Uma das medidas investigativas adotadas na investigação foi a elaboração de laudo pericial indireto produzido pela Polícia Federal, com base nos elementos probatórios juntados no tempo dos fatos, que concluiu que a morte ocorreu entre 01:00 e 03:00 da madrugada do dia 18/04/2020.
Com o avanço das investigações foi possível chegar ao possível autor do crime que, segundo apurado, recaem suspeitas da prática de outros homicídios. Atualmente, encontra-se preso preventivamente pela prática de outro crime de homicídio, ocorrido, aproximadamente, 8 (oito) meses após a morte de ARI. Na operação foi decretada nova prisão preventiva pela 3ª Vara Federal Criminal. A motivação do crime ainda será melhor esclarecido pela Polícia Federal de Ji-Paraná, que está à frente das investigações.
Conforme dispõe o art. 7º do Código de Processo Penal, para verificar a possibilidade de haver a infração sido praticada de determinado modo, a Polícia Federal irá proceder, antes do término das investigações, à reprodução simulada dos fatos visando confrontar as possíveis versões para a dinâmica do crime de homicídio qualificado. A pena para este crime pode chegar até 30 anos (Art. 121, §2º, IV, do Código Penal).

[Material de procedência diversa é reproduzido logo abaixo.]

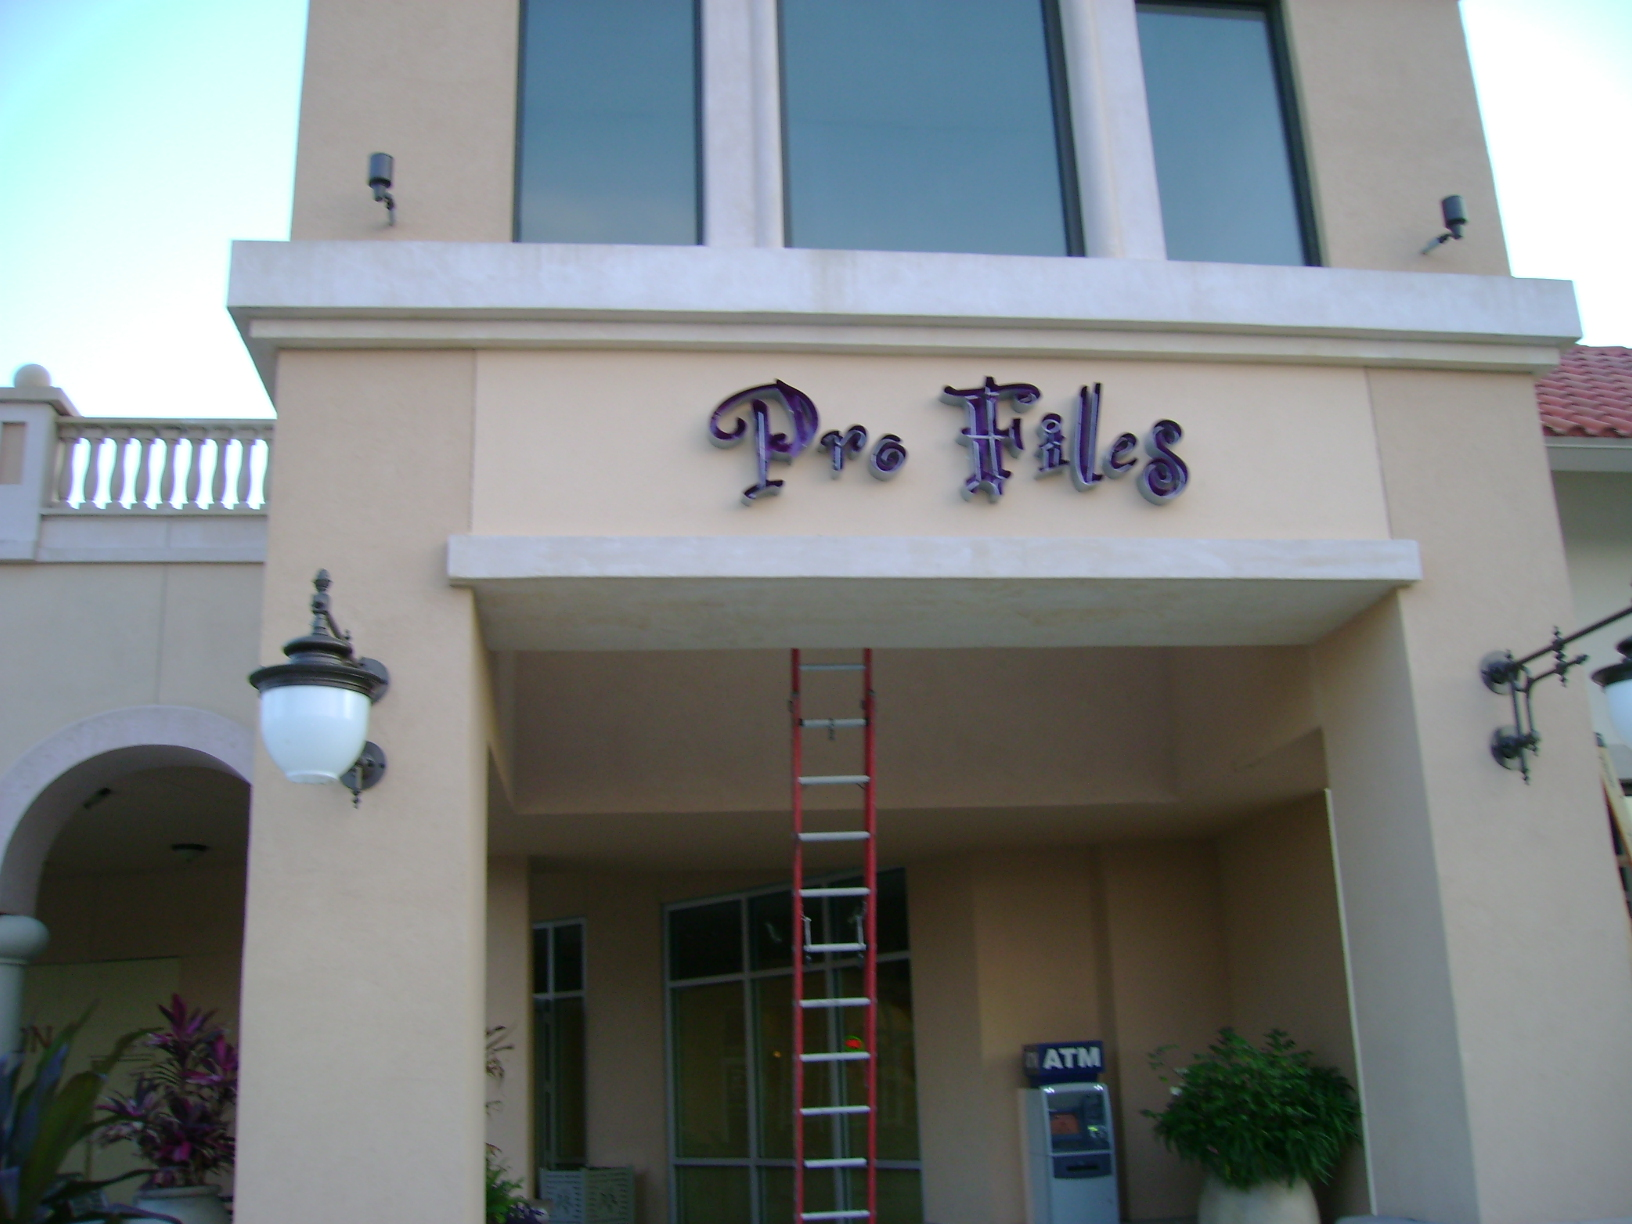 Pro Files, Estero, FL by Lee Designs
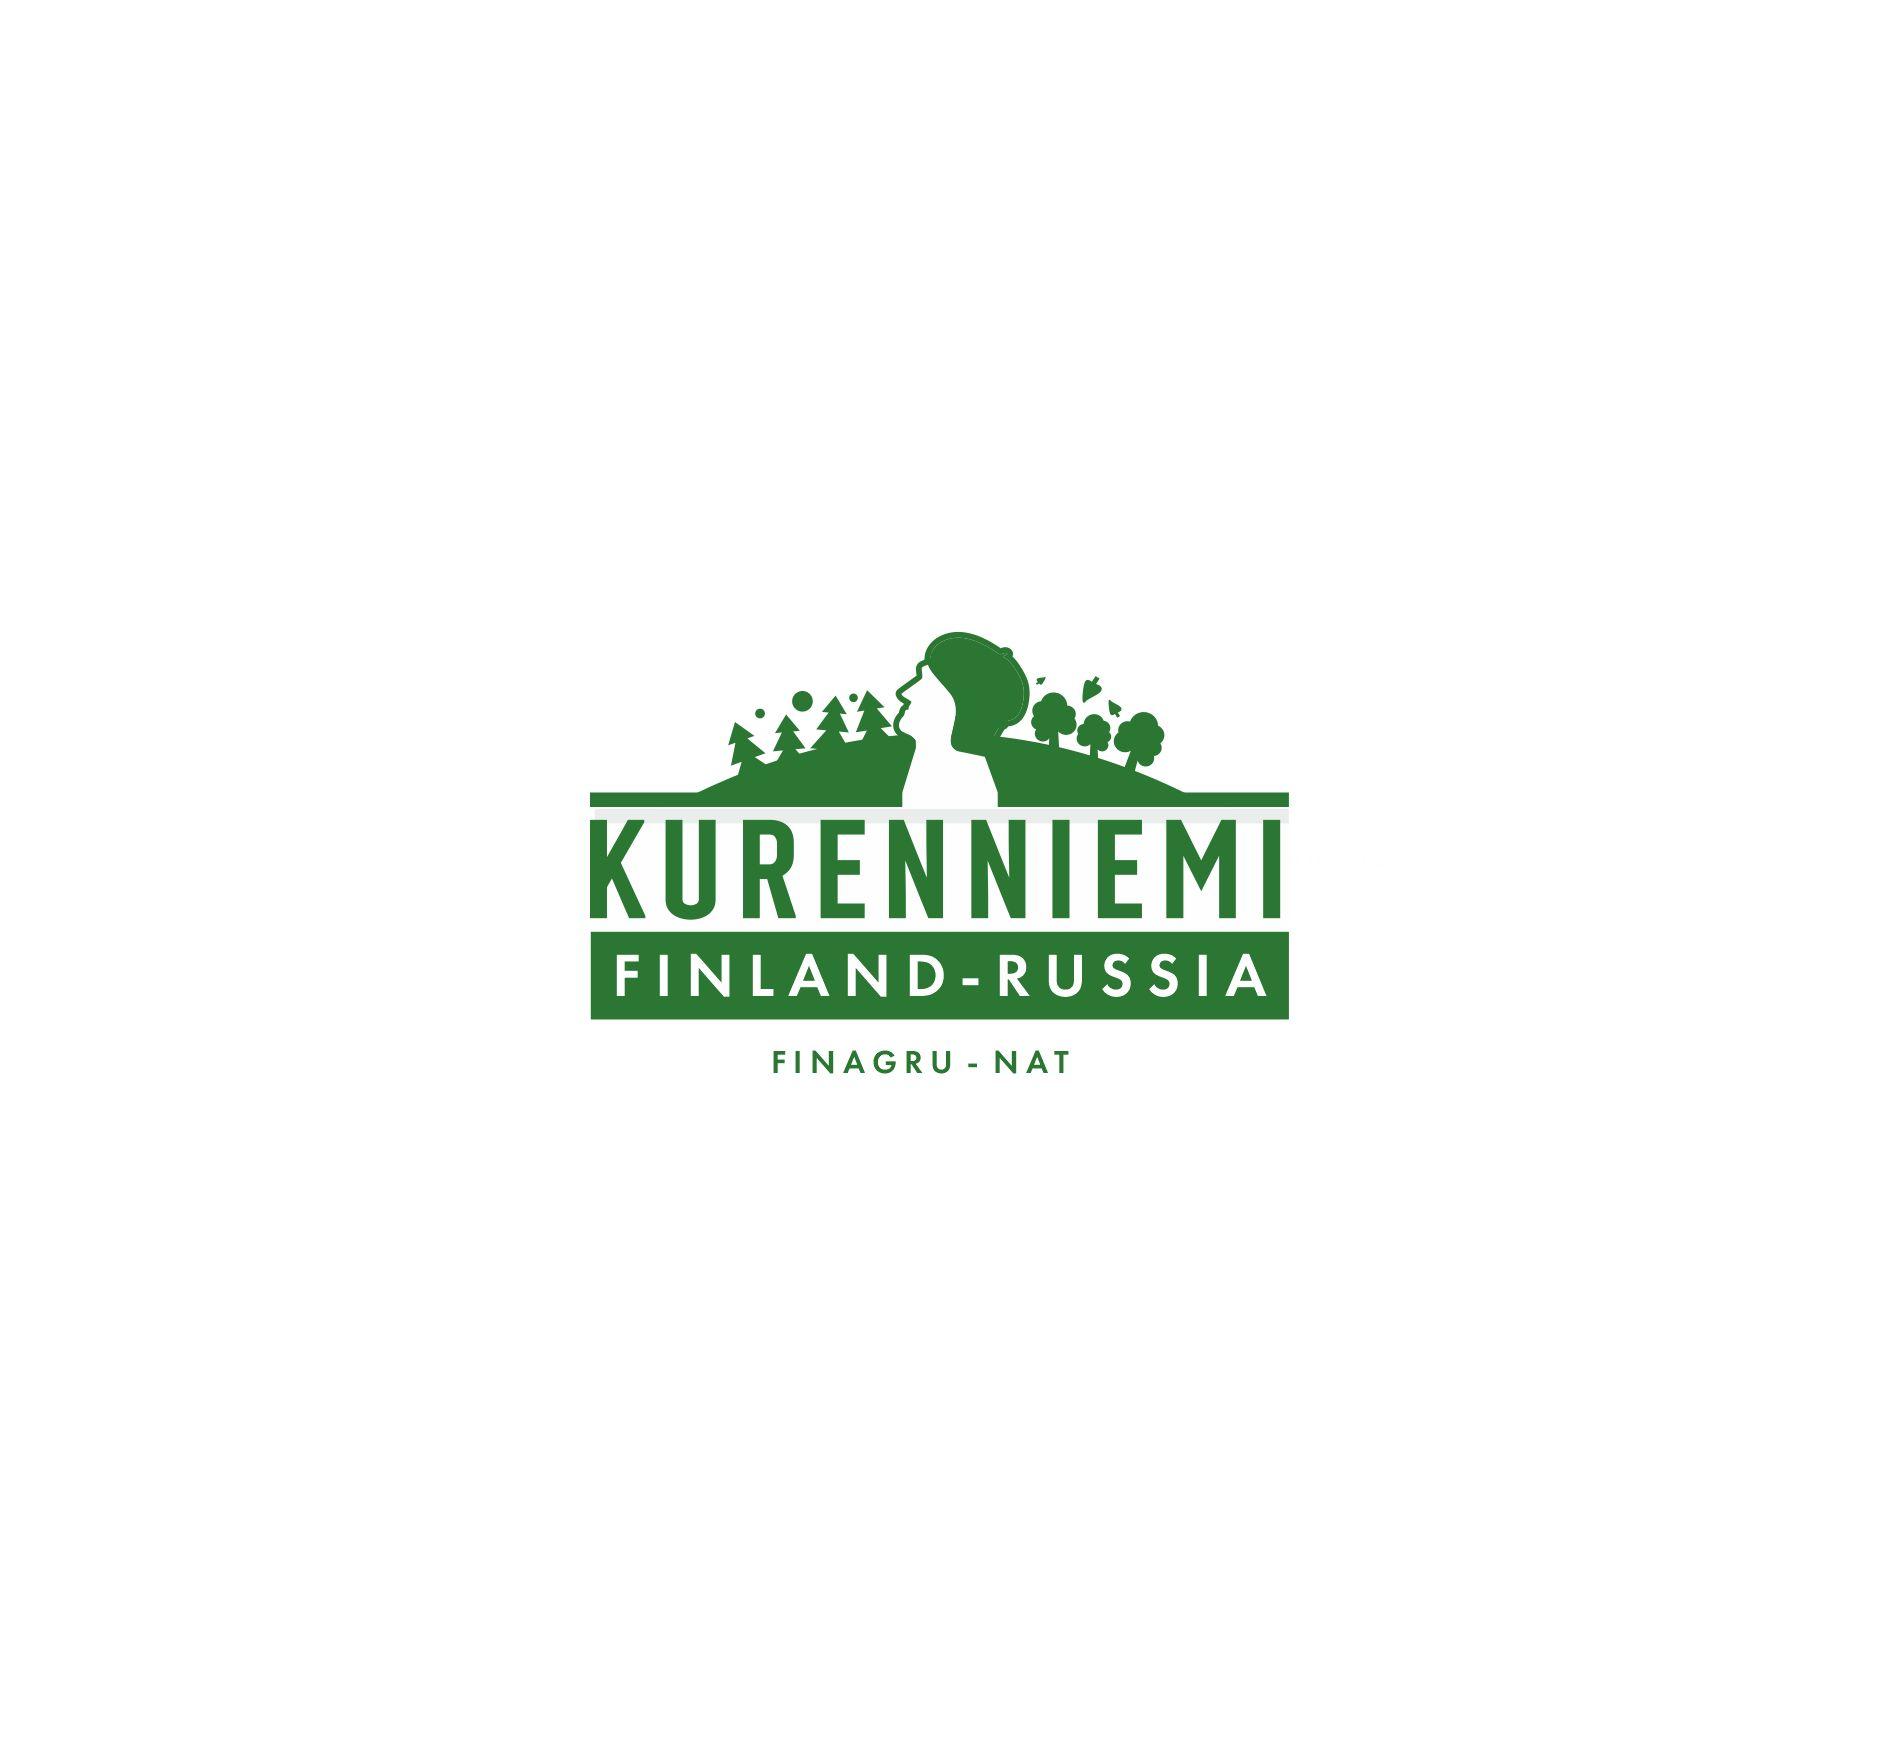 Логотип для Kurenniemi, FinAgRu-nat, Finland-Russia - дизайнер evelina_yaxina

Neidinha Suruí, ativista indígena e fundadora da Kanindé– Associação de Defesa Etnoambiental, acompanhou de perto a luta pela busca de respostas e justiça, junto com a família e lideranças do povo URU EU WAU WAU, também conversou com nossa equipe e disse: “ A prisão me deixa um pouco mais aliviada, pois estamos esperando isto desde 2020, e esperamos que a Justiça seja feita, e que sejam retirados todos os invasores da Terra Indígena Uru-eu-wau-wau. É super importante que a Policia Federal dê continuidade as operações de fiscalização. O Ari era um protetor da floresta, e sua luta tem que continuar. É fundamental que a PF der continuidade as ações de proteção do território, pois o que temos visto é que a grilagem de terra, o roubo de madeira e garimpo tem gerado cada vez mais violência, e precisamos ter paz e sossego.” Afirma a ativista.
E agora ?
Quando perguntado o que se espera a partir de agora o irmão de Ari respondeu: “Que seremos reconhecido e respeitado, porque sem respeito somos sujeito a qualquer discriminação e ameaças.” Diz a liderança indígena.
Já a sobrinha do Guerreiro assassinado diz que espera que de fato a justiça seja feita: “Que haja realmente uma justiça, que ele não saia tão cedo da prisão, apesar de eleter sido preso ainda temos o medo e é o que estamos acostumados a ver, ver pessoas como esse assassino ser preso e poucos dias depois ser solto.” Afirma.
De acordo com a PF, o suspeito cumpre outro mandado de prisão preventiva devido a outra acusação de homicídio supostamente comedido 08 meses após a morte de Ari. As causas dos assassinatos ainda devem ser esclarecidas.